The second finding is that of cytokines. It's been known that MF has an upregulation of these cytokines, and so we showed that several of the cytokines that were expected from before were elevated, but I think also the new interesting data are that there were a couple of new cytokines that we found that were upregulated in the setting of MF and may be modulated by the combination. I think these new cytokines need to be further investigated, not only on this ongoing study, so it'll be important to see what the significance is because those have not been known, and to also ask other groups around the world to look into their datasets, their studies, and trials to see if they're finding the same thing. The implication would be, can you develop a new broader cytokine panel to build into these studies to see if it correlates with symptom burden, with spleen size reduction, and potentially even other outcomes later on? I think this is an exciting emerging clinical translational correlative work that still needs validation as we move forward.

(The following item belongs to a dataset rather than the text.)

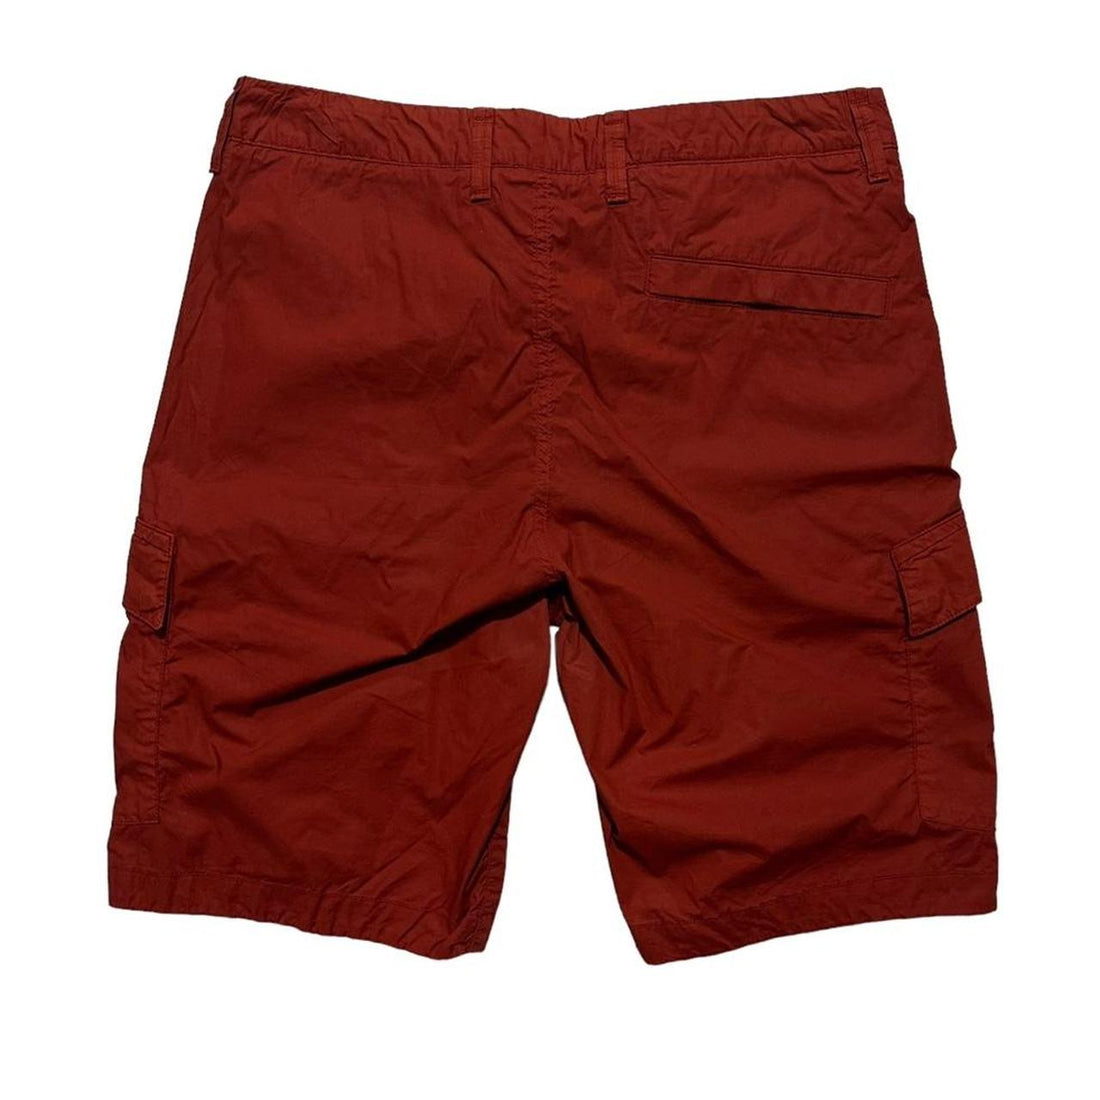 Stone Island Blood Red Shorts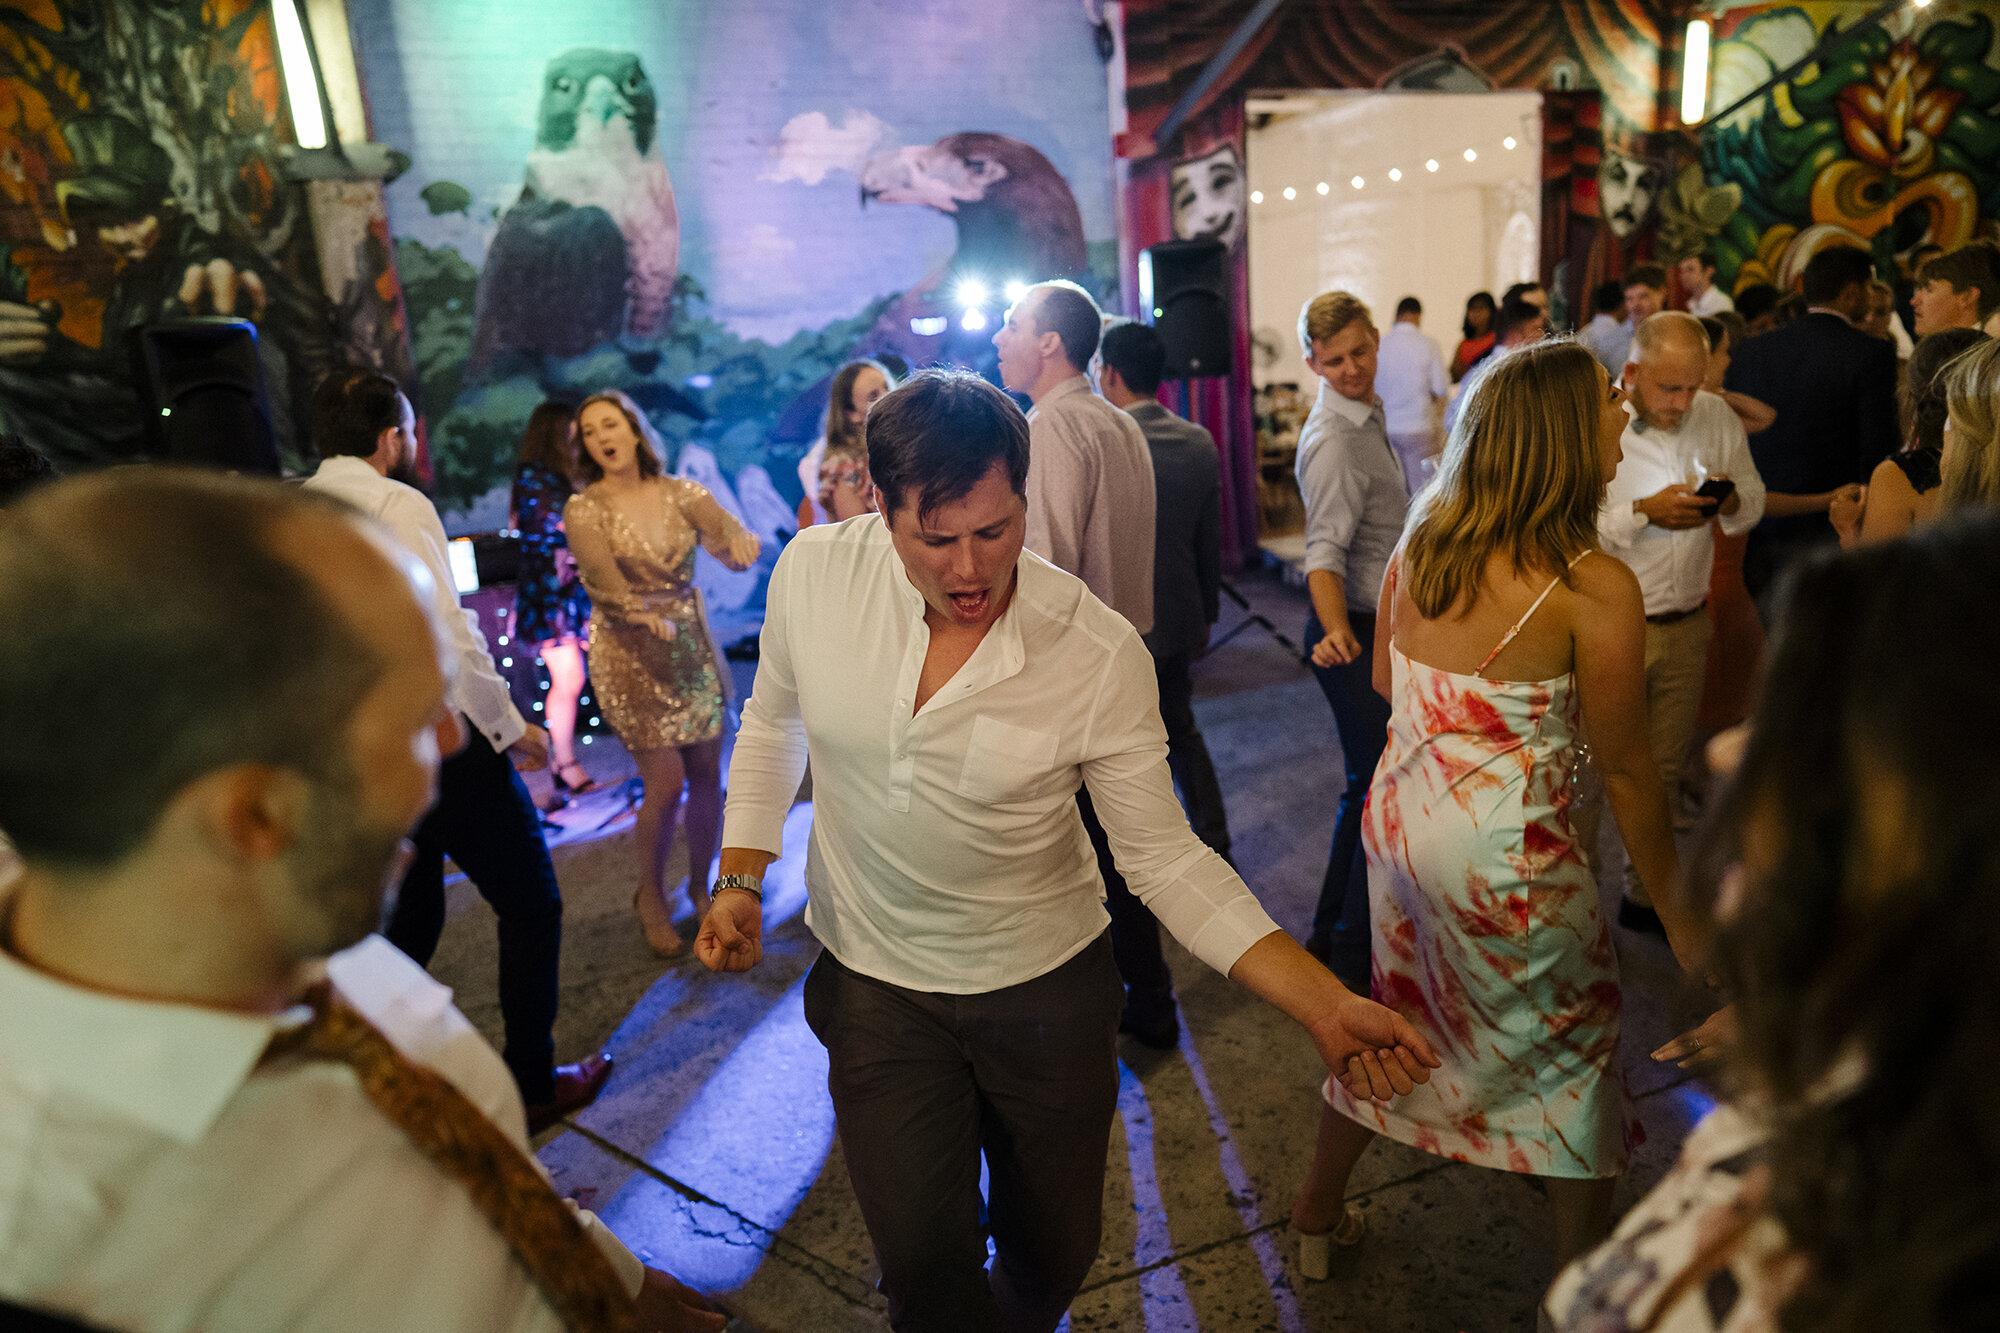 Perth City Farm Wedding | Dancefloor Fun Photo

TARGETED ONCOLOGY: Are there any plans to further that research?
Pemmaraju: In terms of future directions, there are actually several that kind of stick out to me in 2021 as we move into this new year. One is while this add back strategy is promising and encouraging, it's still very new. I think the important thing to look out for is toxicities and side effects. With all of these newer agents, there's a potential for thrombocytopenia, so lowering of the platelet counts, which can already happen with the JAK inhibitor. We know about these. We need to monitor doses, regimens, platelet levels, and these are built into these protocols, so monitoring for older and new toxicities, I think, is number 1.
Second is how do we measure success in the post-JAK inhibitor frontline setting? In the frontline setting for JAK inhibitors, we look at things such as spleen and symptom burden. I think these are very important, but as we move into this second-line and beyond setting, I would advocate that we need to consider not only those important factors, but maybe other factors such as progression-free survival, event-free survival, even overall survival because again, as I mentioned earlier, some of these patients have a bit more of an acute course rather than a chronic core, so maybe a course that might be measured in only years rather than decades for many of our patients.
I think a third factor is the scientific understanding of MF itself. As I mentioned, this cytokine [finding], which has been known for a decade or longer, but what are the exact cytokines that are upregulated or downregulated, with the various newer therapies with and without JAK inhibitors? Then to continue the search for novel biomarkers, new clinical translational lab correlates that we can build into studies or find retrospectively. That can give us more clues for a patient's benefit to these newer drugs. I think these are kind of the exciting directions that I see for 2021 in our field.